• _Data below_
+---+

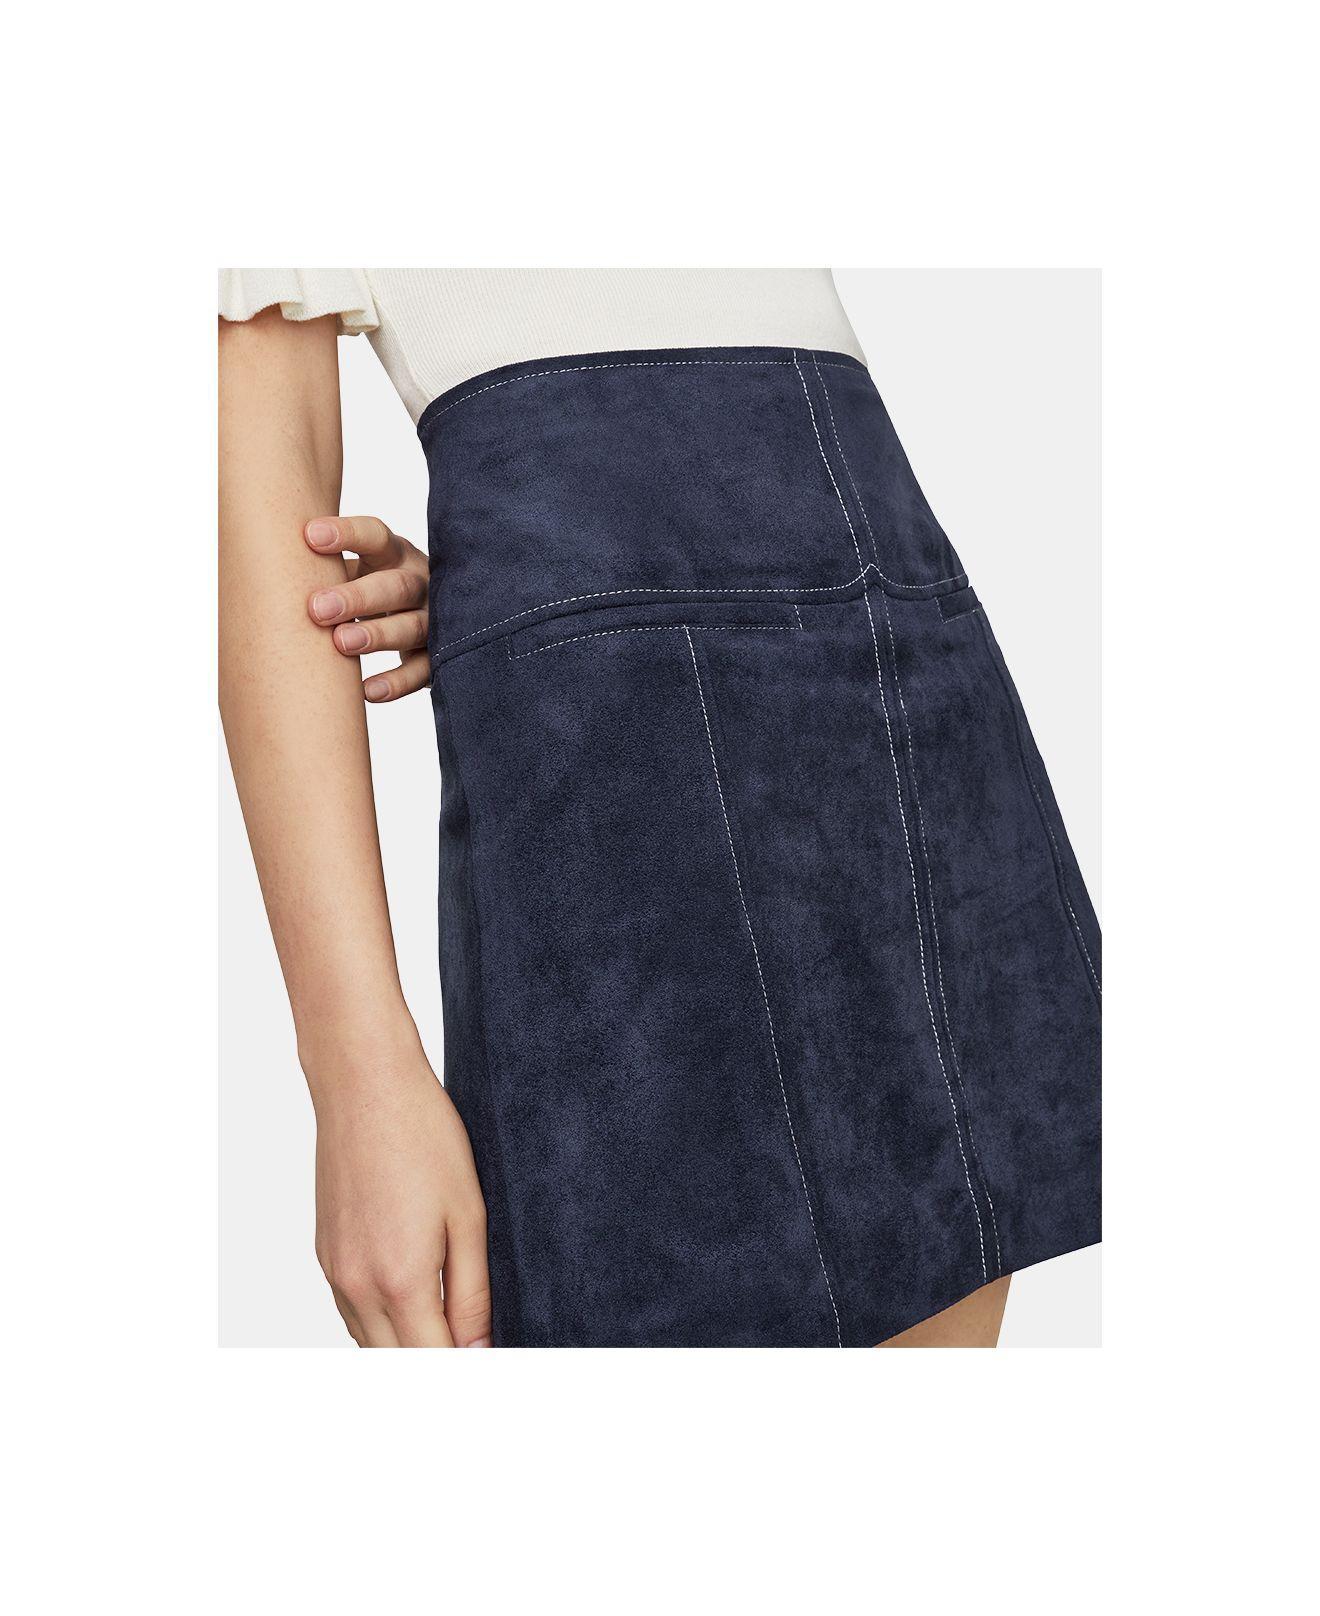 daacd8fc79 Lyst - BCBGMAXAZRIA Faux Suede Mini Skirt in Blue
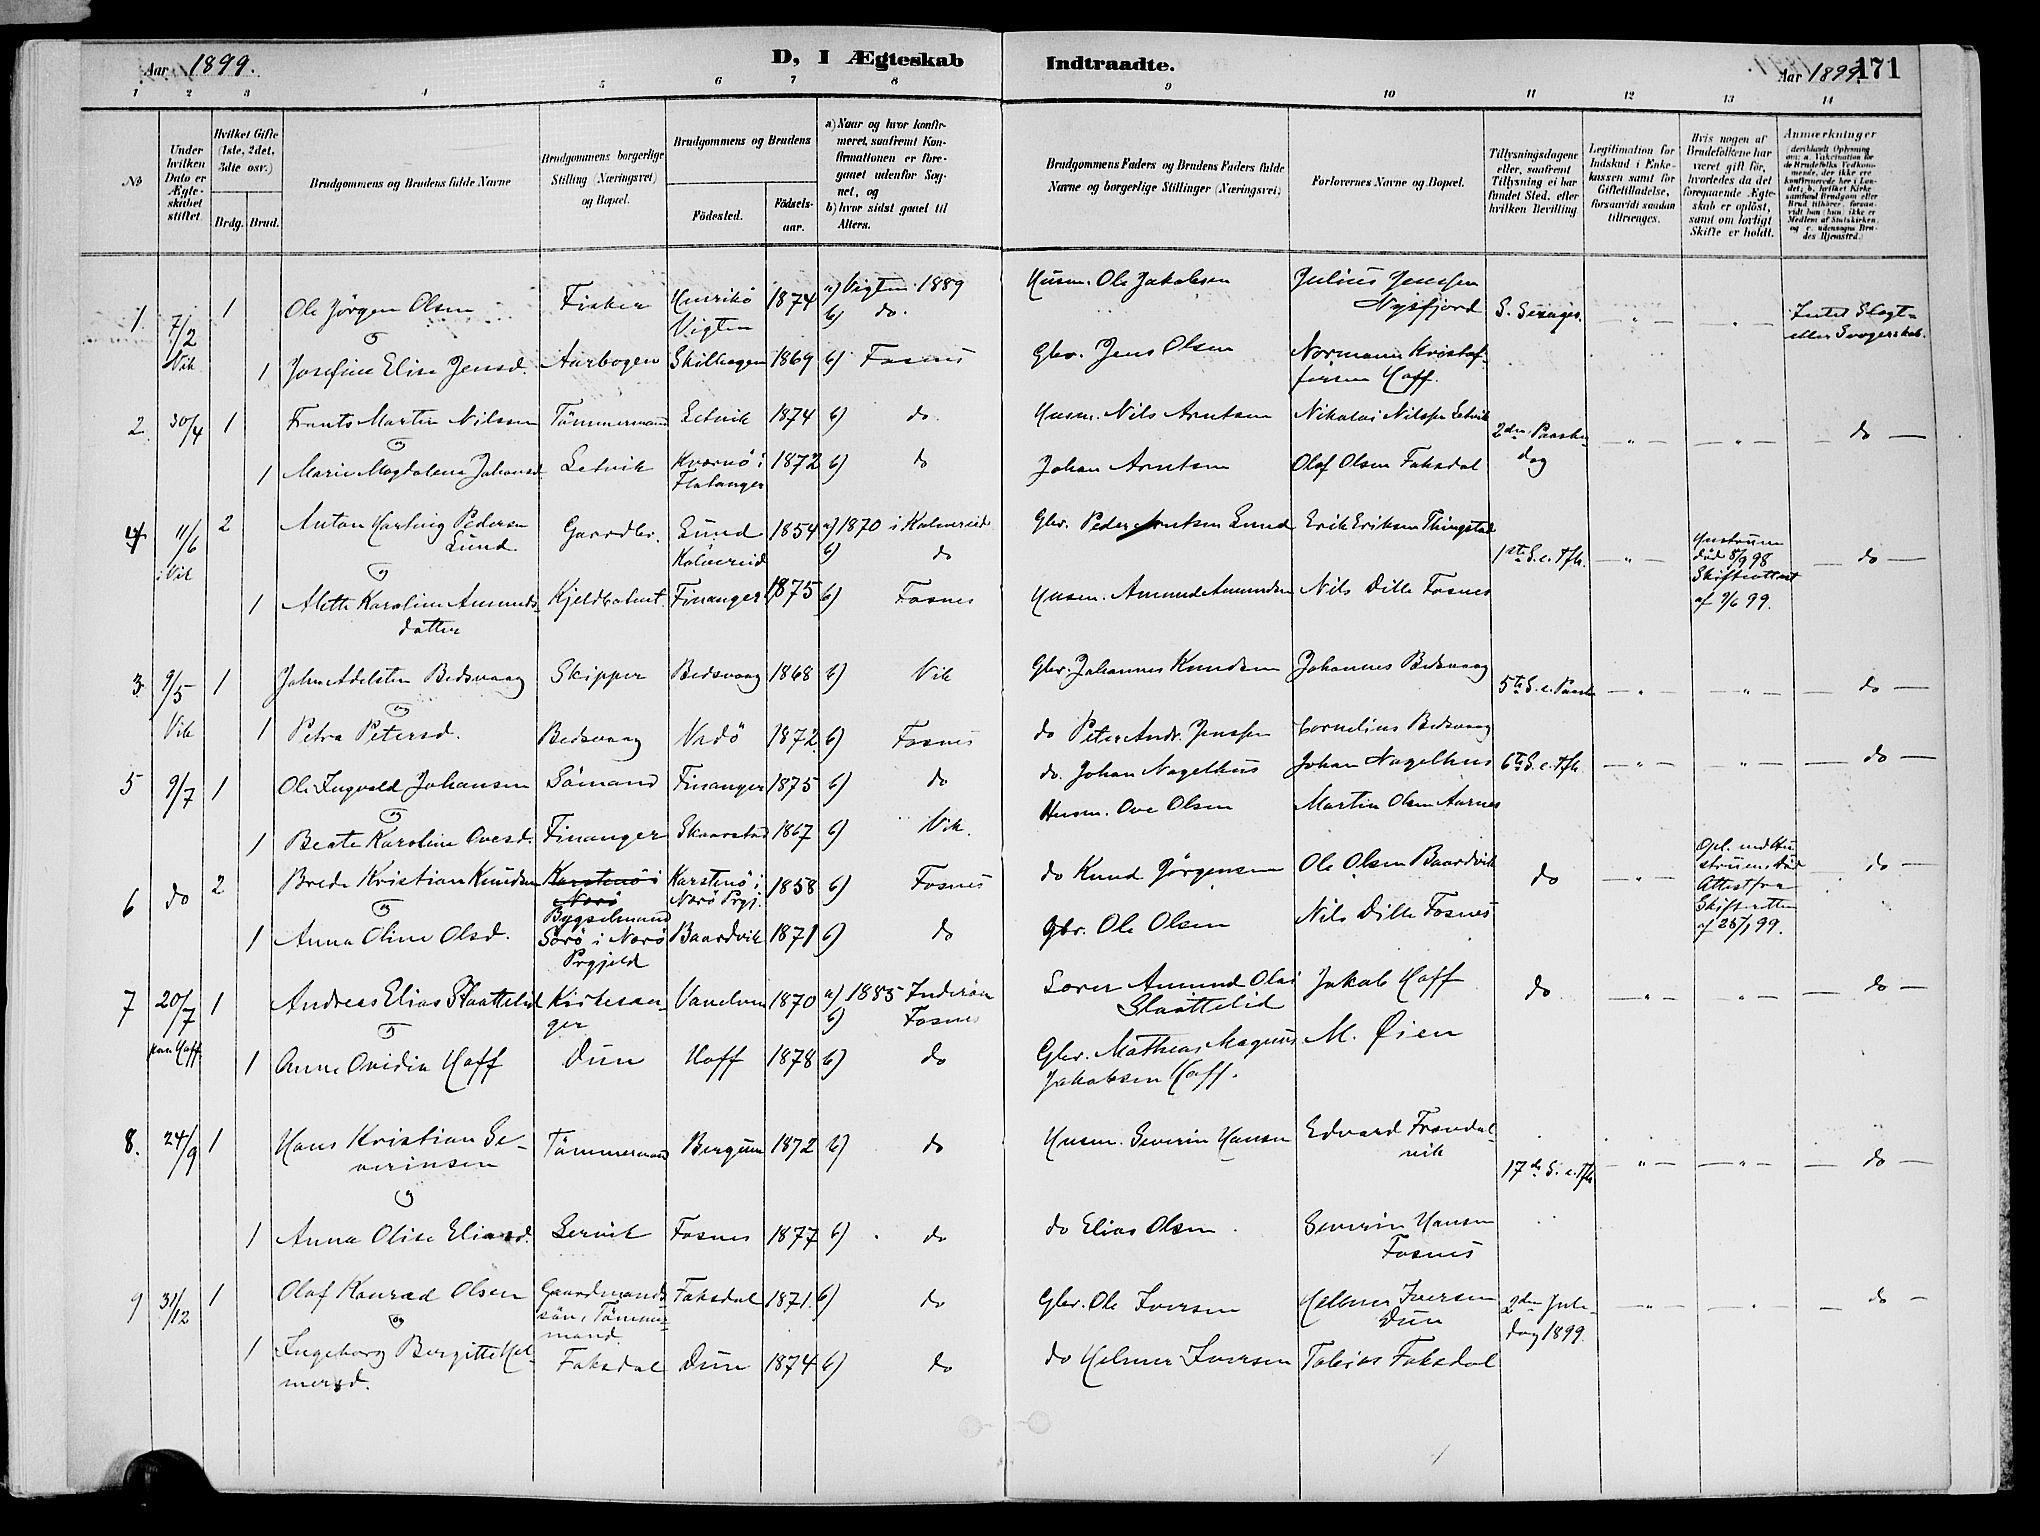 SAT, Ministerialprotokoller, klokkerbøker og fødselsregistre - Nord-Trøndelag, 773/L0617: Ministerialbok nr. 773A08, 1887-1910, s. 171
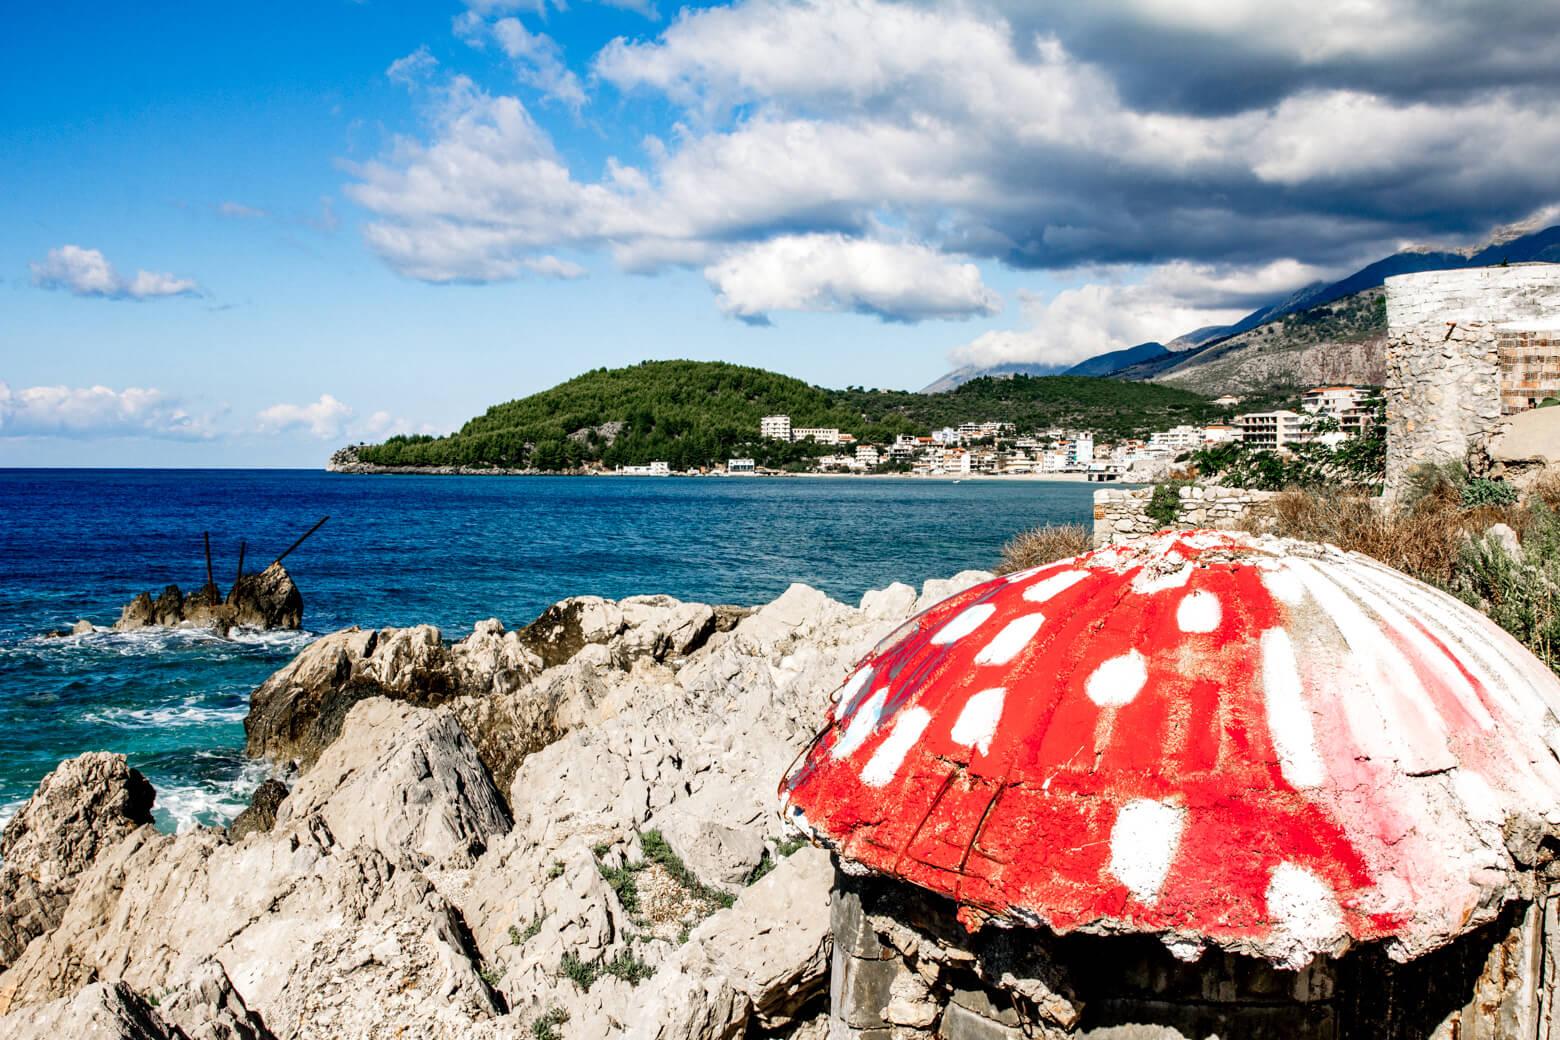 Красный бункер на пляже Химара Путеводитель по Албании

+---+

• _Work to complete_
Without the pictures, repeat the listing above exactly.

• _Written answer_
 daacd8fc79 Lyst - BCBGMAXAZRIA Faux Suede Mini Skirt in Blue
 SAT, Ministerialprotokoller, klokkerbøker og fødselsregistre - Nord-Trøndelag, 773/L0617: Ministerialbok nr. 773A08, 1887-1910, s. 171
 Красный бункер на пляже Химара Путеводитель по Албании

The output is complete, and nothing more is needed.